Archives: 2014 & Earlier

The Teen Guide to Sex Without Regrets

The Teen Guide to Sex Without Regrets
Teen writers at Youth Communication and Andrea Estepa, Keith Hefner, Laura Longhine, Rachel Blustain and Nora McCarthy
Youth Communication
331 pages.

The Teen Guide to Sex Without Regrets Cover

This guide is the result of 10 years of collaboration among adult and teen staff members of Youth Communication’s New York City magazines, New Youth Connections and Represent.

“What concerned us most was not that so many of the teens we knew were having sex,” say the editors in an afterword aimed at adults, “but that so much of the sex they were having was both joyless and careless.” Young writers expressed regret about unplanned pregnancies, sexually transmitted diseases (STDs), broken hearts, and feeling rushed, forced or apprehensive. When editors asked why they got into such situations, the most frequent response was “It just happened.” Girls particularly felt “little control over their sex lives.” Many wished they had waited longer to have sex.

After Youth Communication’s staff of all ages and sexual identities began the dialogue, hundreds responded to magazine essay contests about what teens should know about sex. From these sources, staff members compiled lists of “questions that teens should ask themselves before having sex.”

Organized around 52 of these questions, each of the book’s nine chapters opens with a short introduction that offers five to 10 questions for teens to ponder. The 37 stories by teens that follow – first published in Youth Communication’s magazines between 1987 and 2008 – demonstrate why the questions matter.

The opening chapter, for example, examines readiness for having sex with 10 questions, including “Do you know what gender you’re attracted to?” and “Are you ready to behave responsibly?” Among six teens’ stories that respond, both a boy and a girl suffer from too much sex too early.

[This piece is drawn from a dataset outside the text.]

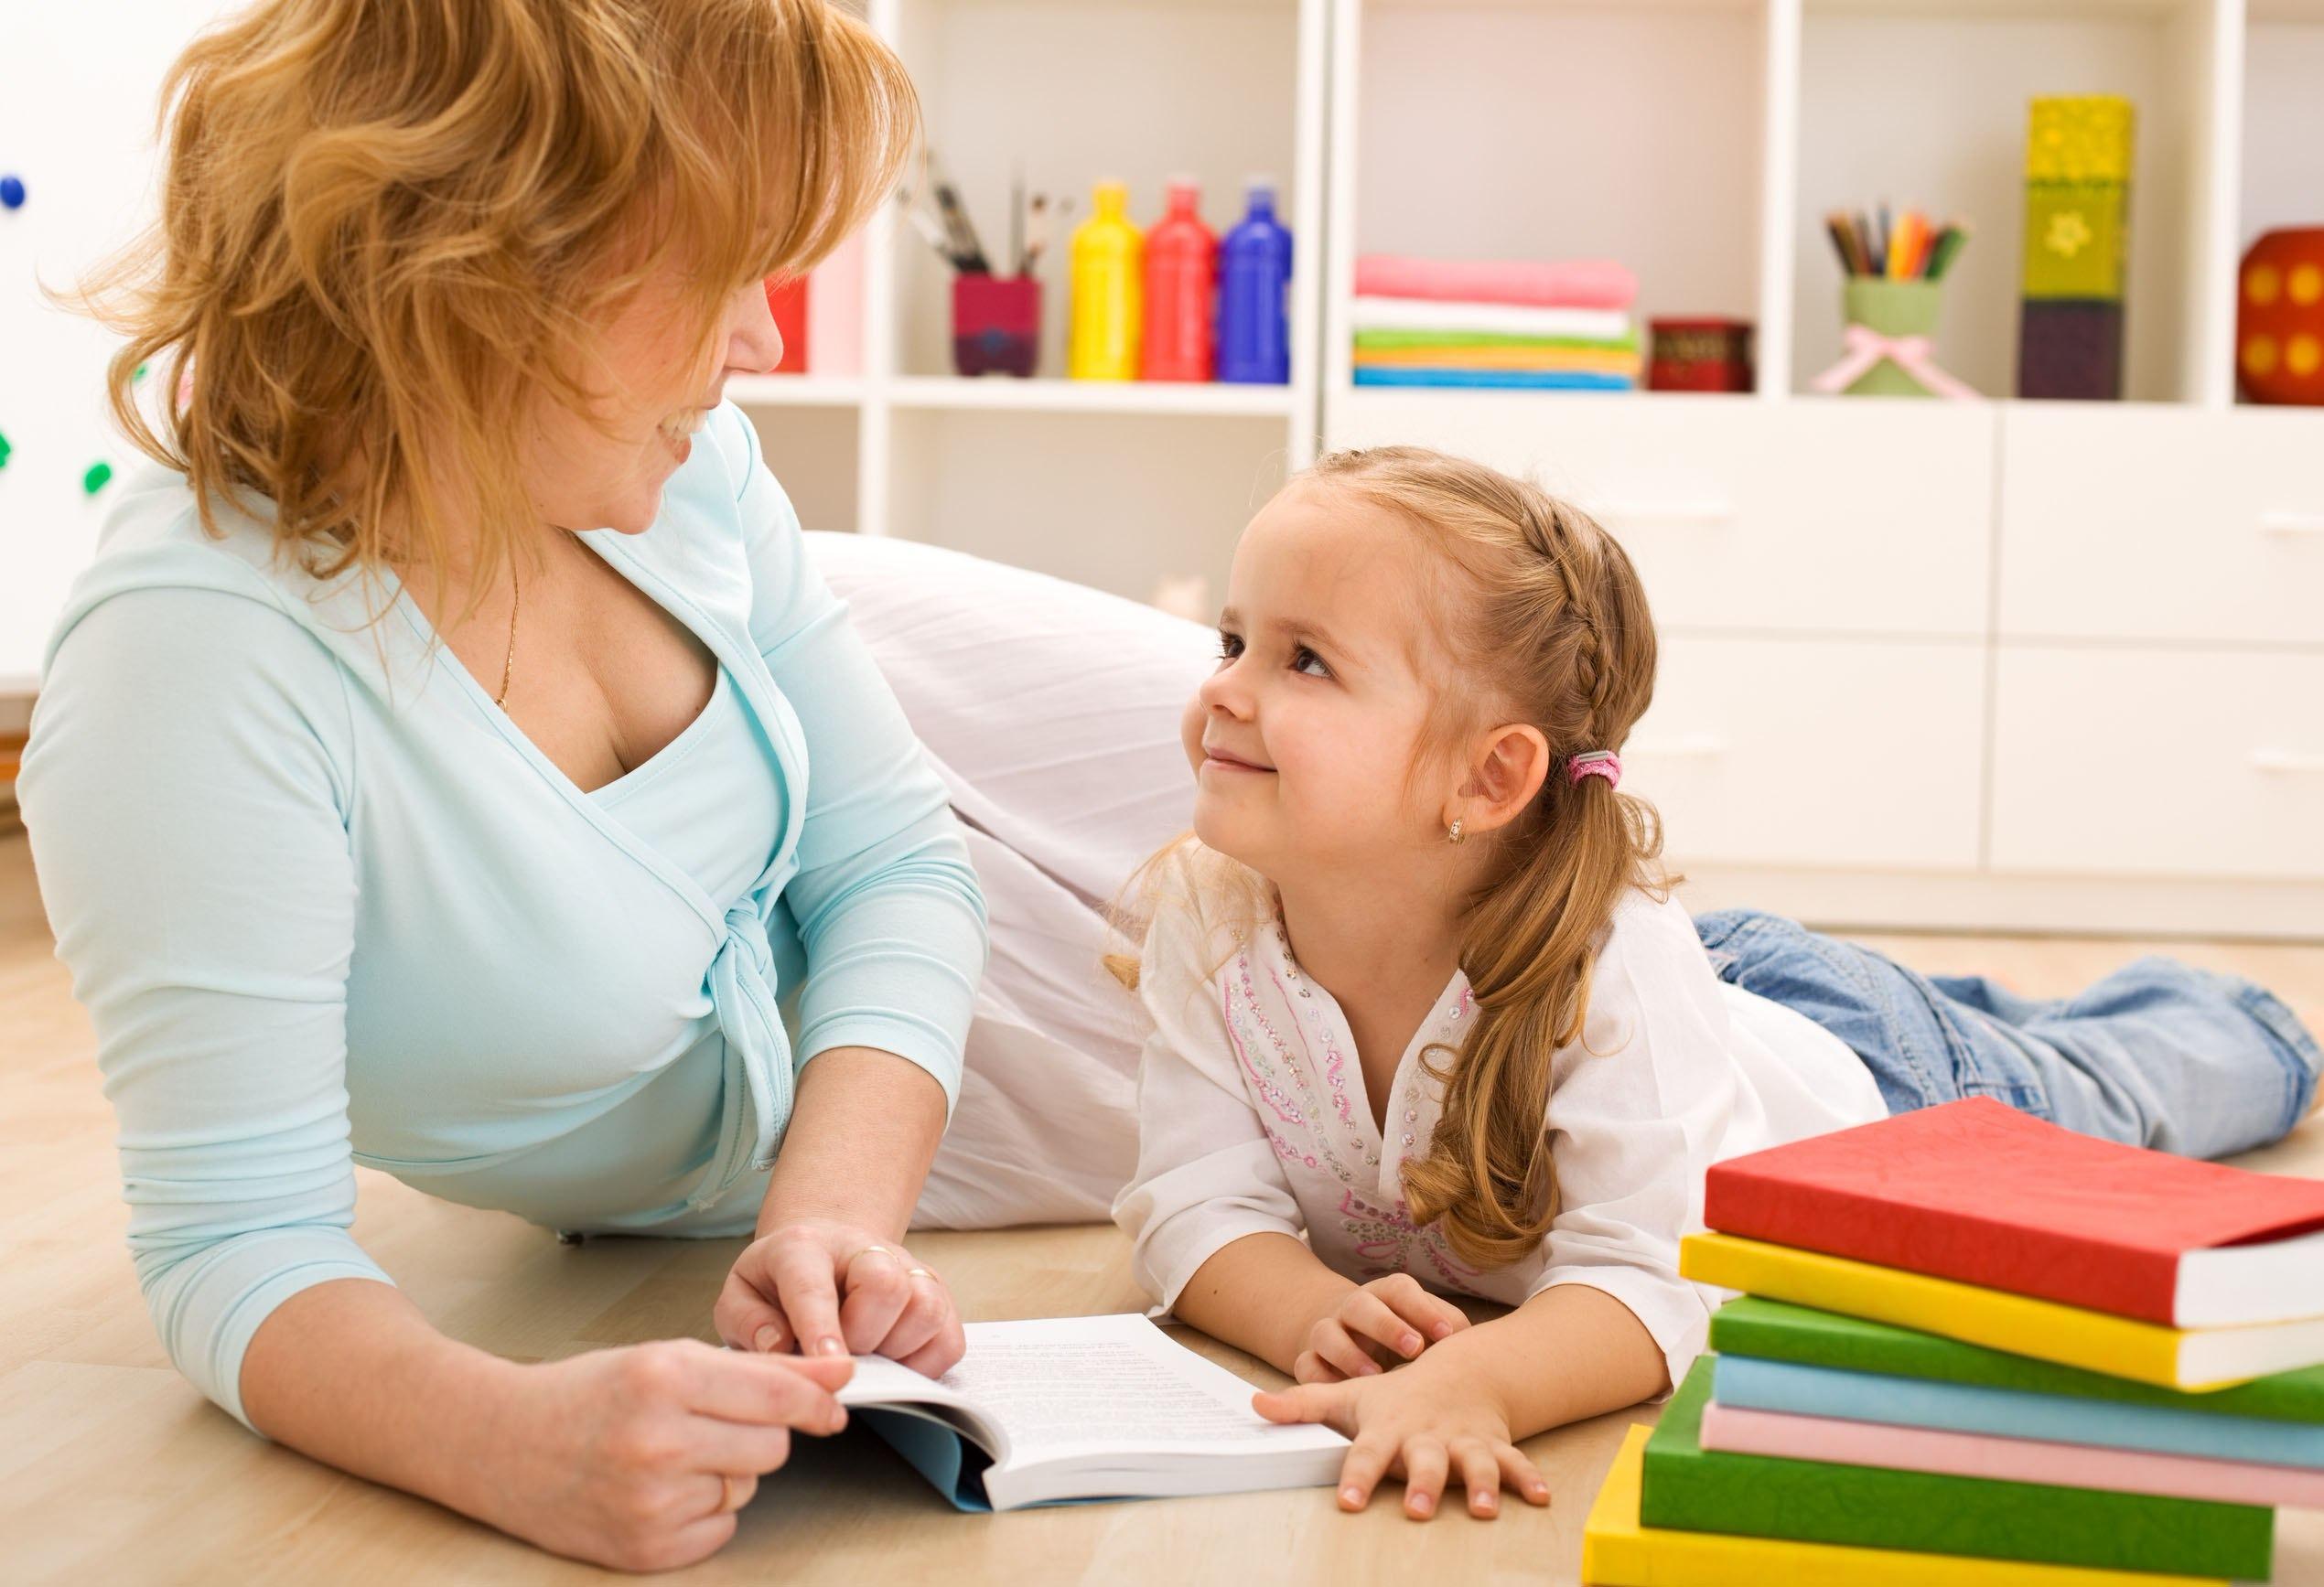 картинки психология воспитания для

In “Why I Hate Sex,” Lenny Jones, whose sexual experiences began soon after middle school, finds sex “boring.” He’s “an emotional wreck” at 19, “because having sex with someone I don’t really care about makes me yearn for the right person.” In “Looking for Love,” after losing her virginity at 13 to fill her absent father’s “empty space,” Fetima P. writes: “I would always go into the bedroom thinking this guy might actually like me. Then when everyone knew about it the next day, I would realize I was wrong again.”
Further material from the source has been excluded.